The US Geological Survey released an update this week to its volcano threat assessment, first published in 2005. It’s a look at every volcano in the United States and a ranking based on the hazards they pose.
This recent update has five Alaska volcanoes in the “very high threat” category, more than any other state.
Michelle Coombs, scientist in charge at the Alaska Volcano Observatory, said the level of threat depends on the type of volcano, and factors like proximity to people or flight paths, as well as the level of volcanic activity.
Coombs spoke with Alaska Public Media’s Casey Grove.
COOMBS: Different volcanoes have different characters, or you could even say personalities. There are broad categories of volcanoes, though. The ones in Hawaii are hot spot volcanoes. They’re caused by a mantle plume that brings up really very hot, runny magma to the Earth’s surface that tends to make long-travel lava flows.
In Alaska, our volcanoes are caused by subduction of one of the Earth’s plates under another plate, and that tends to produce magmas that are wet and sticky and erupt very explosively. So produce many more ash clouds than what we see say at Kilauea other Hawaiian volcanoes.
So Redoubt is one that yeah, it erupts pretty often historically and it poses hazards to local populations primarily from both airborne ash clouds that can interact with aircraft or from ash fall.
GROVE: Looking at the list of volcanoes that are included here, it kind of looks like one of those BuzzFeed lists, like, “The Top 18 Volcanoes That Could Get You.”
So the top, you know, “very high threat level volcanoes are 1 through 18. What are the factors that lead to a volcano being included in one group as opposed to another, and why is it like 18 here and then 19 through 57 is the next group. Why is that?
COOMBS: So I mentioned there were 24 different kind of components to the threat number If you have volcanoes that tend to erupt explosively make lahars or mudflows other hazardous volcanic phenomena, those are going to get you higher scores in the hazard side of things. And then if those volcanoes tend to be near local populations, like Rainier is a great example. It’s got you know, several hundred thousand people downstream of it that could be affected by mudflows, so that gives you a high exposure ranking.
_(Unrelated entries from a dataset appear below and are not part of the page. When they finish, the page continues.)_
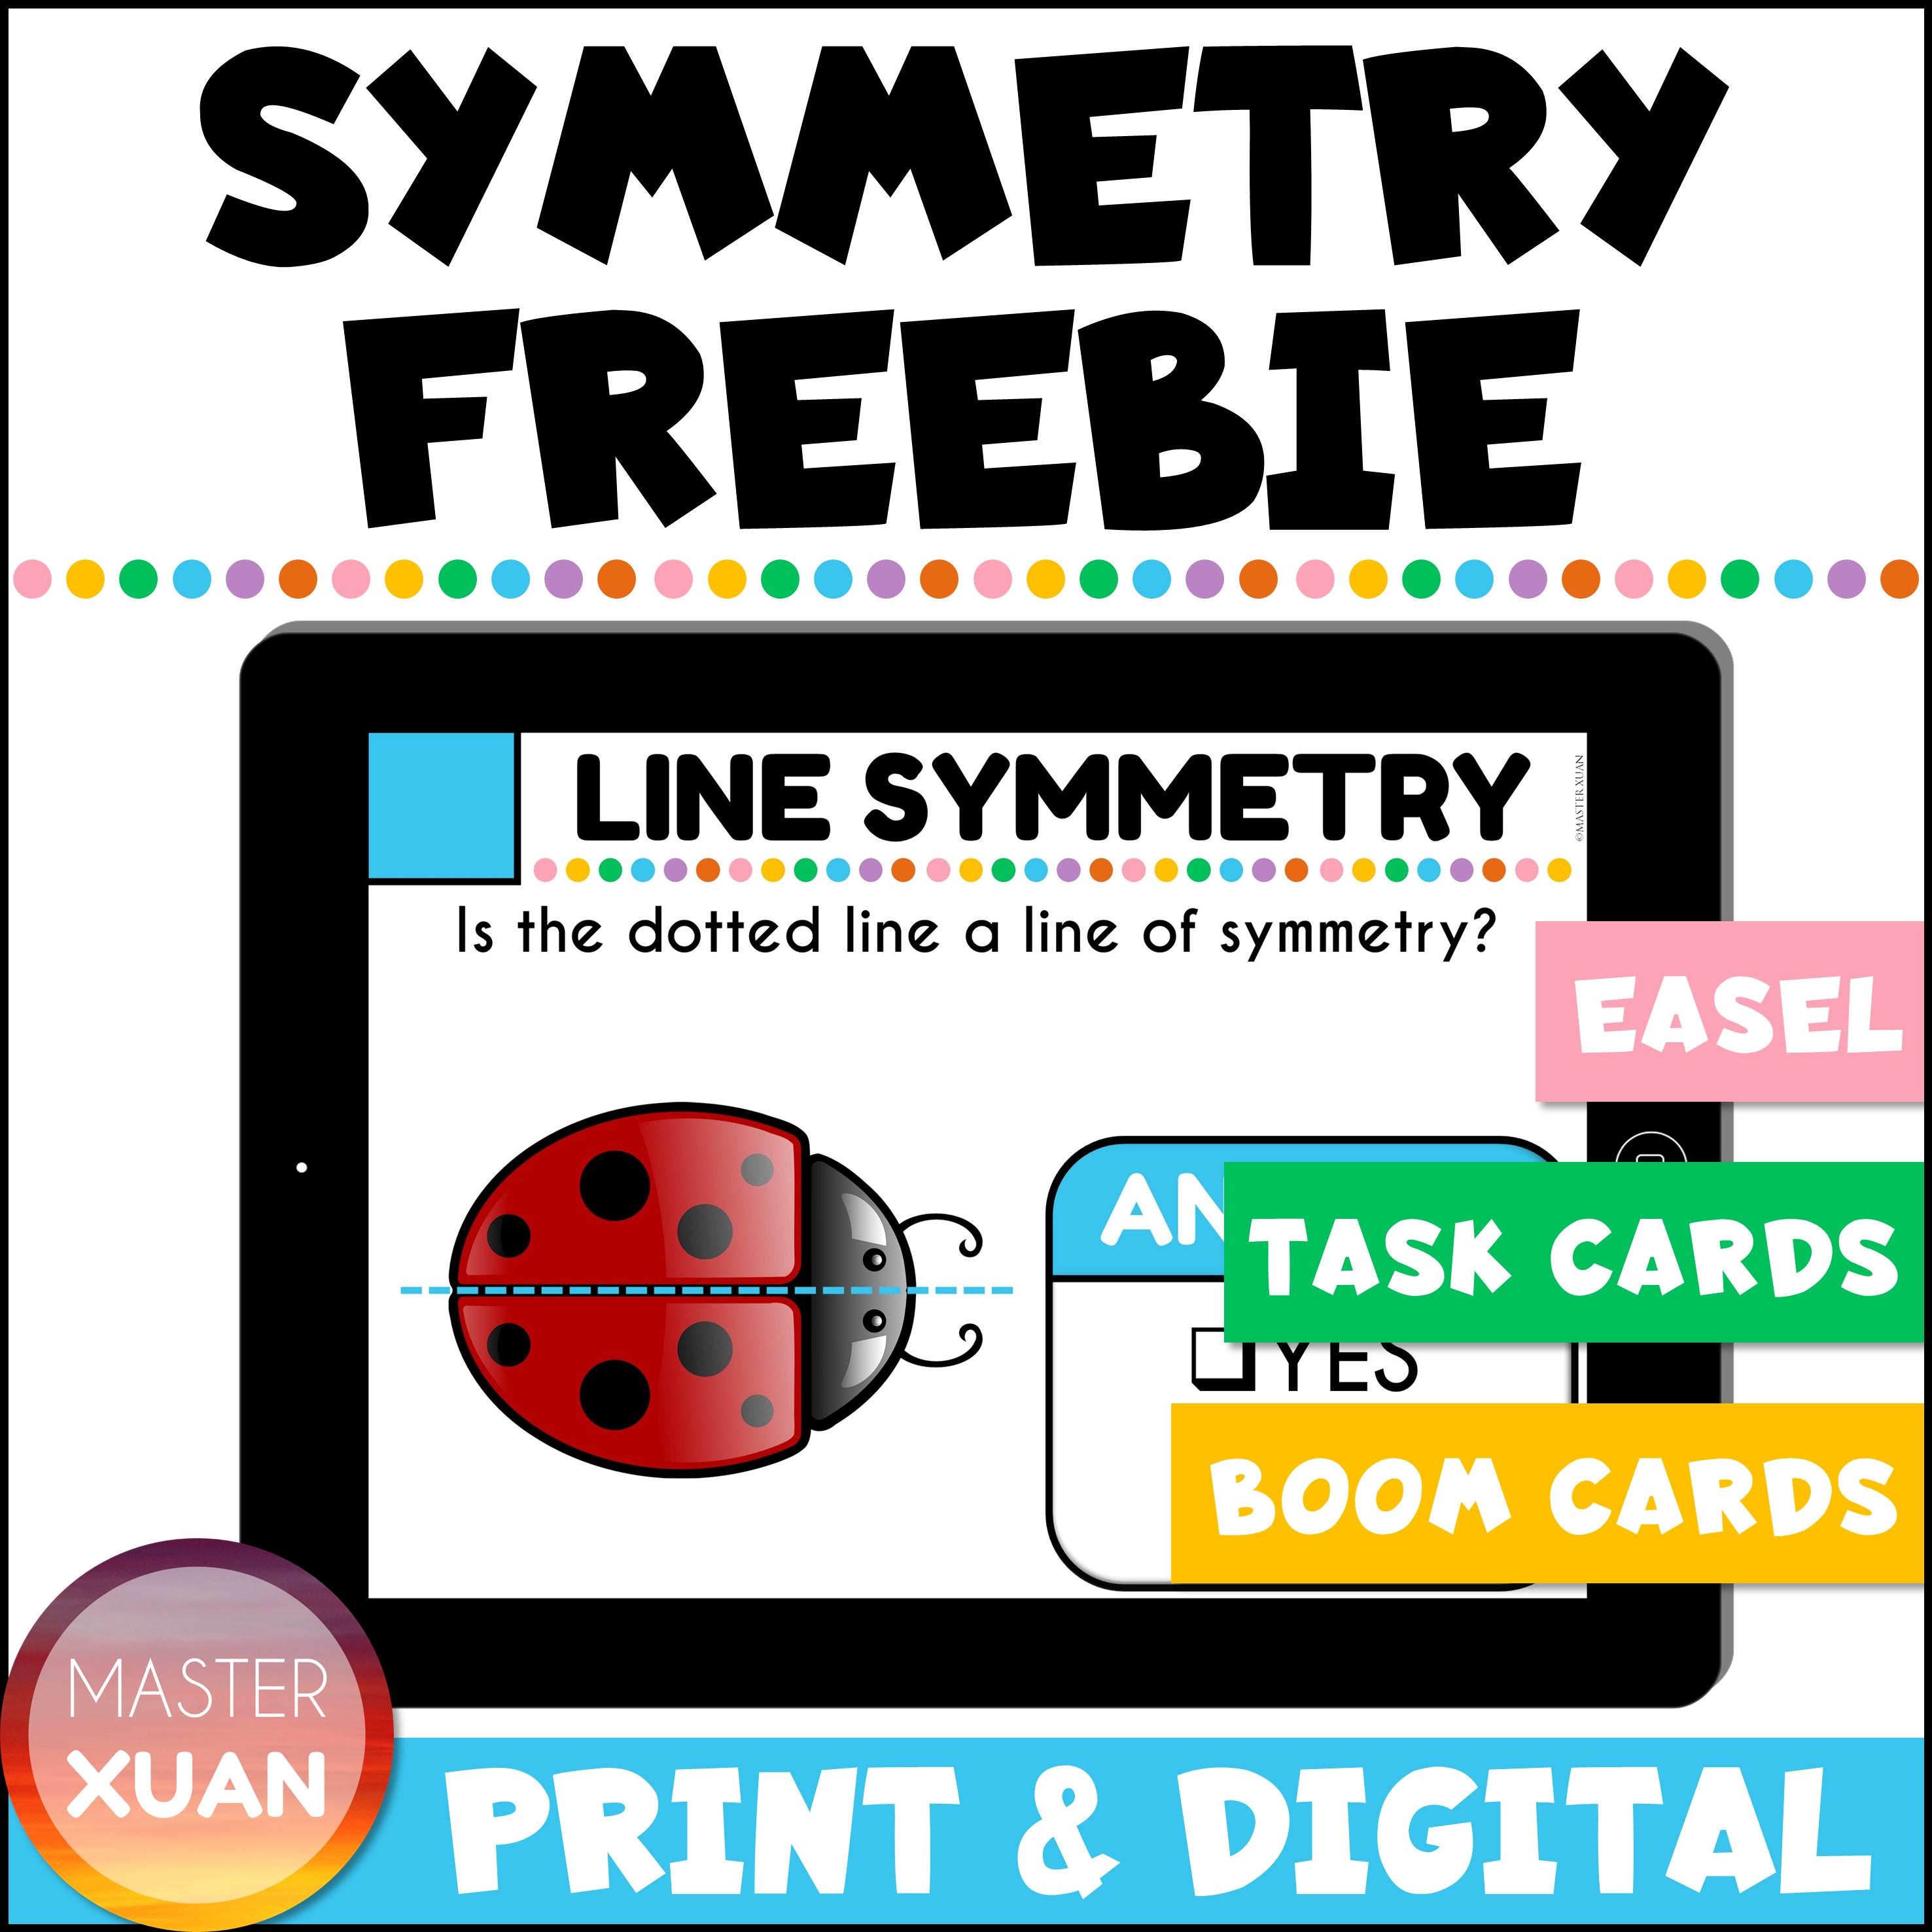 5 Interesting And Fun Math Activities With Symmetry ~ Master Xuan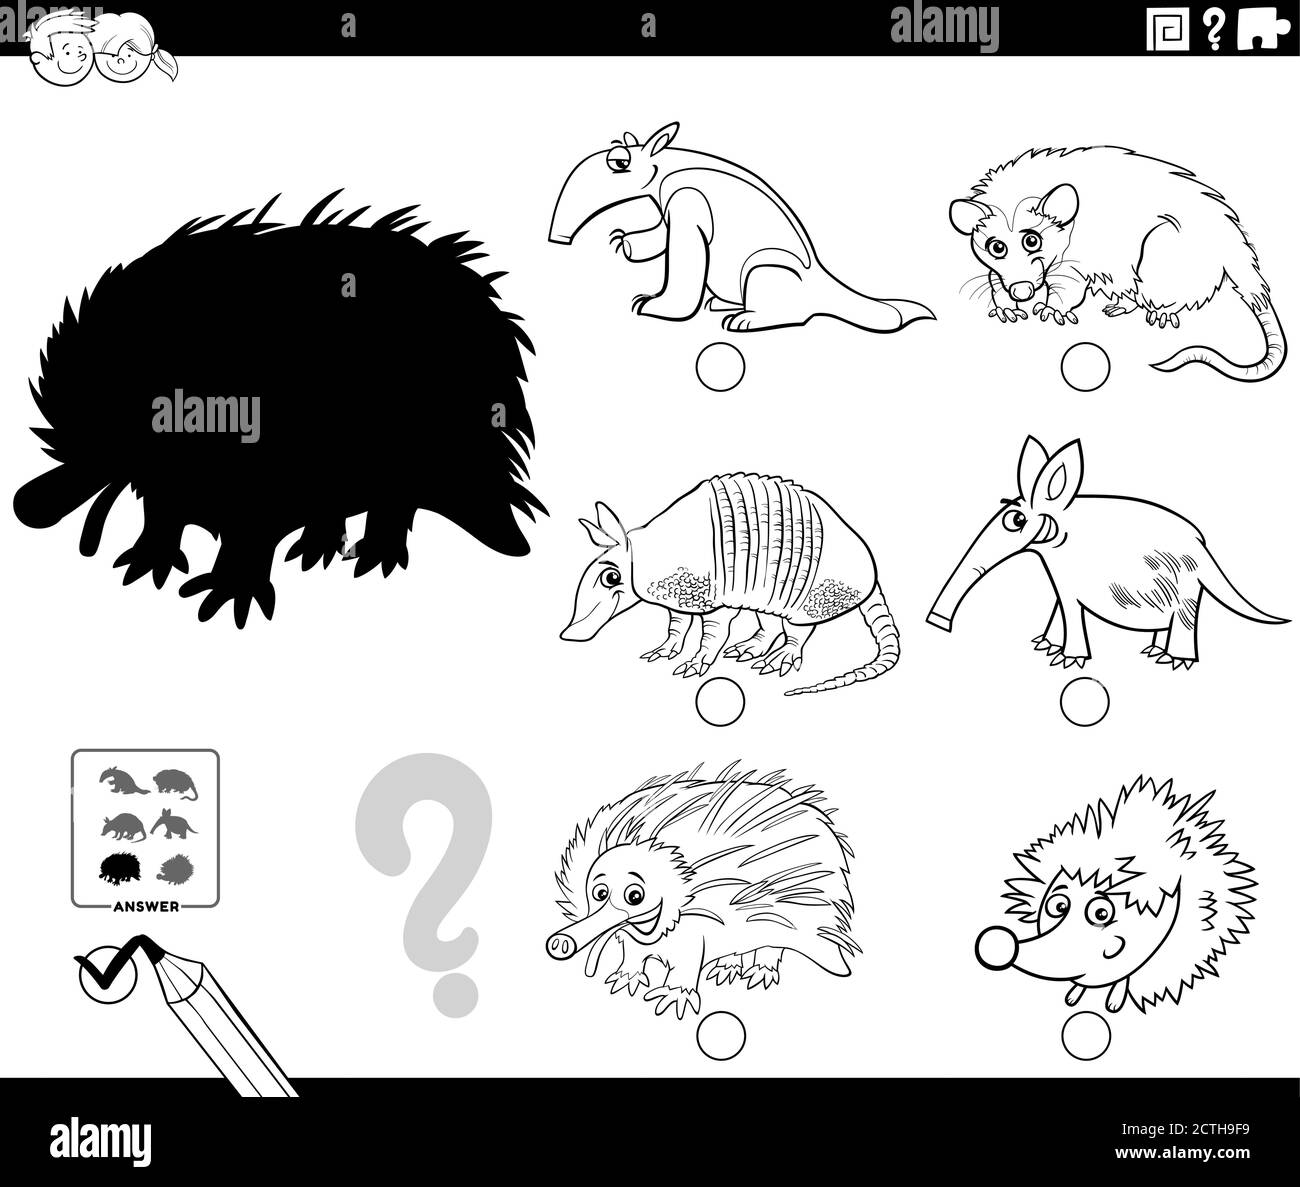 Black and White Cartoon Illustration of Finding the Right Picture to the Shadow Educational Task for Children with Wild Animal Characters Coloring Boo Stock Vector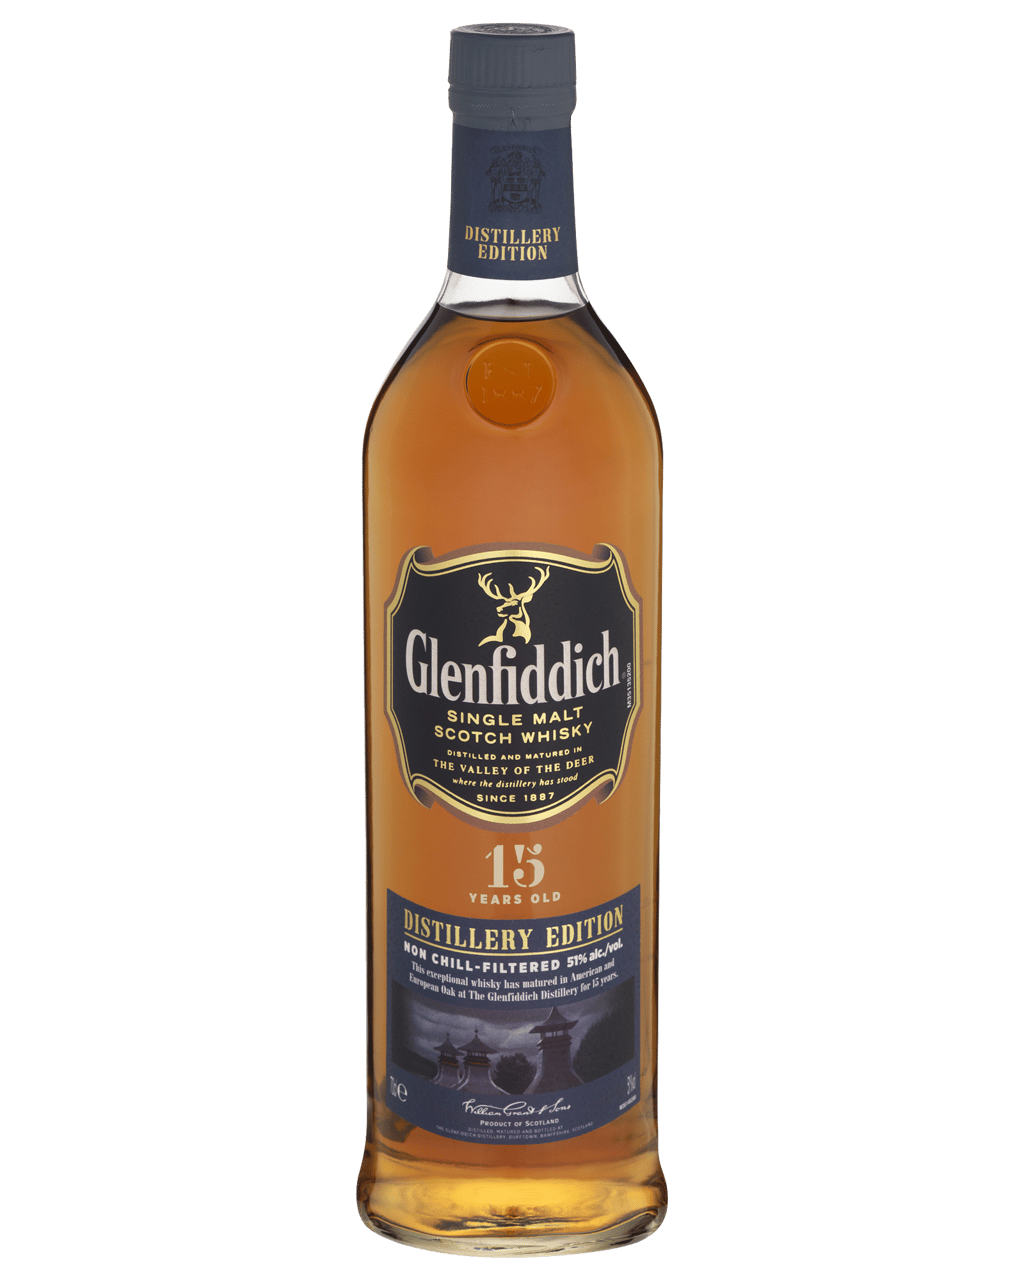 Glenfiddich takes signature 18-Year-Old expression to the next level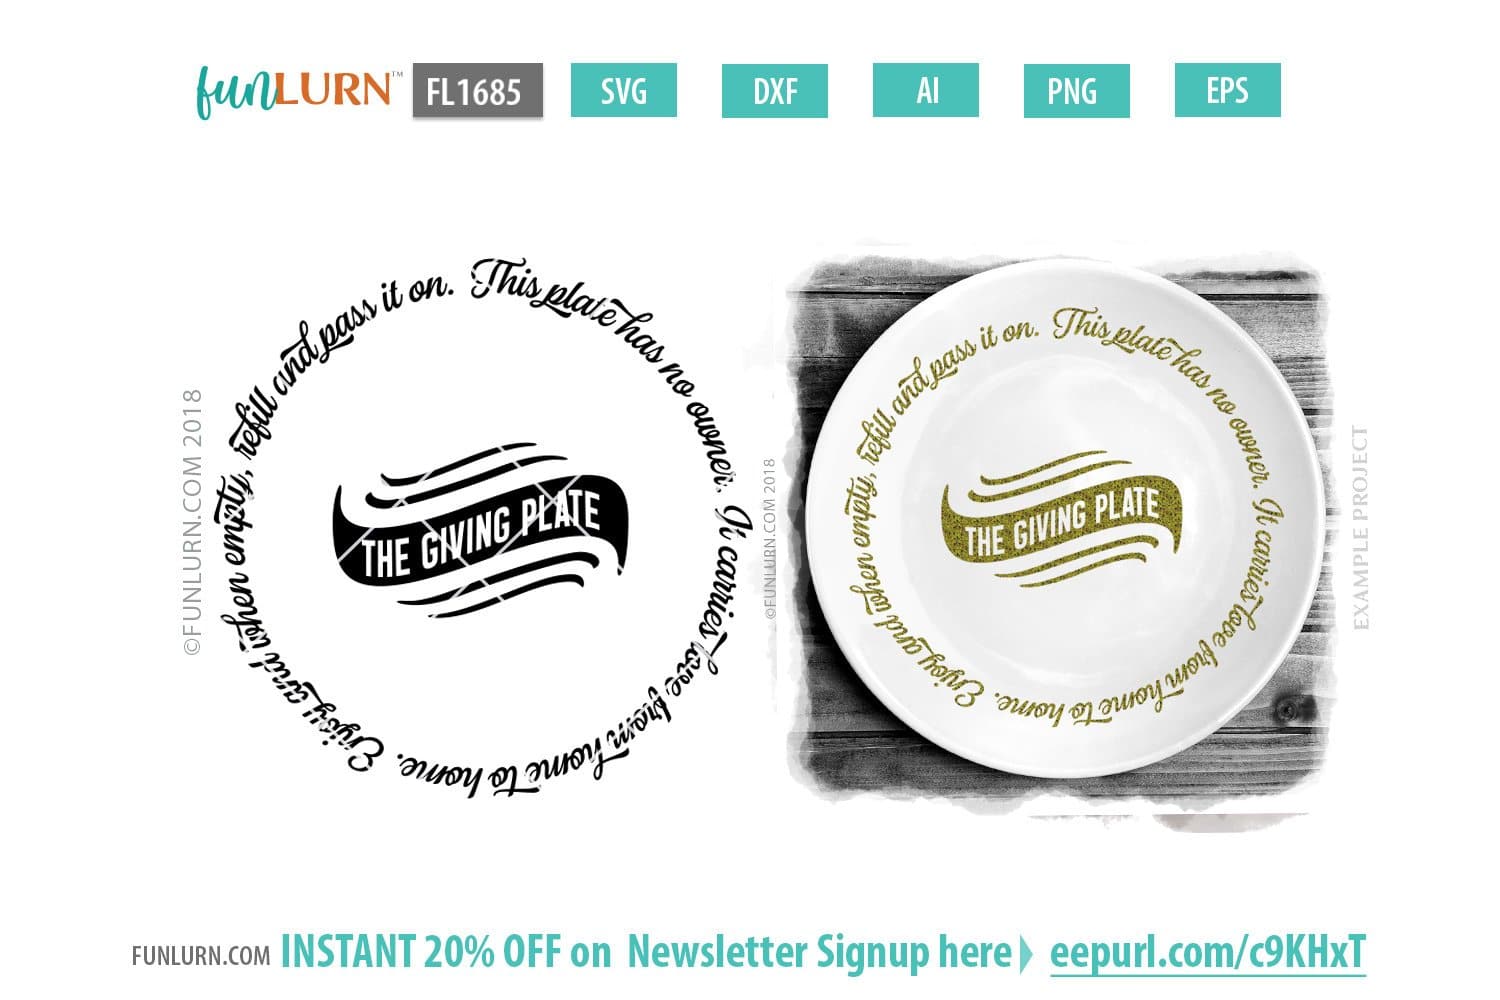 Download The Giving Plate Svg Circular Design Funlurn

Kilauea Volcano in Hawaii is the top of the very high threat category. That’s because it has people living on it. In Alaska, we don’t have a lot of volcanoes like that. Most of our communities are away from volcanoes. Another hazard that plays into the ranking is aviation hazard and that’s one that in Alaska is a huge concern for us.
We have people flying over our volcanoes everyday, and as most of the listeners know volcanic ash and aircraft don’t mix very well.
GROVE: This report includes a piece about kind of a new volcano that’s been included, then a couple others that were sort of demoted from from the list, and I wonder if you could tell me about that. It made me feel a little bit like when Pluto got demoted from planet status.
COOMBS: Yeah, well the main players, so the very high threat volcanoes, those have stayed the same. We have five very high threat volcanoes in our state. Three are in the Cook Inlet and two are down Akutan and the cushioned down by Dutch Harbor and Akutan. Those haven’t changed in the vast majority of the high-threat ones didn’t change either partly.
That’s because they’re more active, more reported activity, and we already knew about about them and they’re better studied and better monitored. It’s the ones on the lower half of the list where there was some shuffling. Part of that is just we live in a big state. We have a ton of volcanoes many of them we know very little about.
And so the initial report in 2005 some some of the information we had to put into those metrics was pretty sparse and not very well documented. And so in the interim, better information came out in some cases and so I think we had six drop off the list altogether, and that’s because it was determined that they have not been active in the last 12,000 years ago, a period of time geologist call the Holocene, or post-glacial time. And that’s kind of our cutoff to be on the list, and so six of them got off the list and the final one I’ll mention is Four Peaked Volcano, which is down south of Augustine in lower Cook Inlet, and in 2006, out of the blue, that had an explosive eruption, just kind of a one-off, what we call a phreatic blast, and that caught our attention. We didn’t think that volcano was historically active or even potentially active but that put it on the radar so to speak.
GROVE: Do you have a favorite volcano? Like do you like the ones that are explosive and active and on the watch list or you more like into the slow roll beautiful-looking volcanoes?
COOMBS: Well, I’m a geologist, so I have a few favorite volcanoes. I’ve spent a lot of time working on Augustine Volcano and some of the ones in the Aleutians. Redoubt. I really like Redoubt.
But I would say the other ones that are fascinating, and part of the reason why I love living and working in Alaska is because there are these places we know almost nothing about. And so, to go out to the Western Aleutians and go to an island where maybe one or no other geologist has ever been and just sort of explore and be the first person to study and figure out what’s going on out there, that’s really fascinating as well. So I kind of like some of the obscure mysterious ones.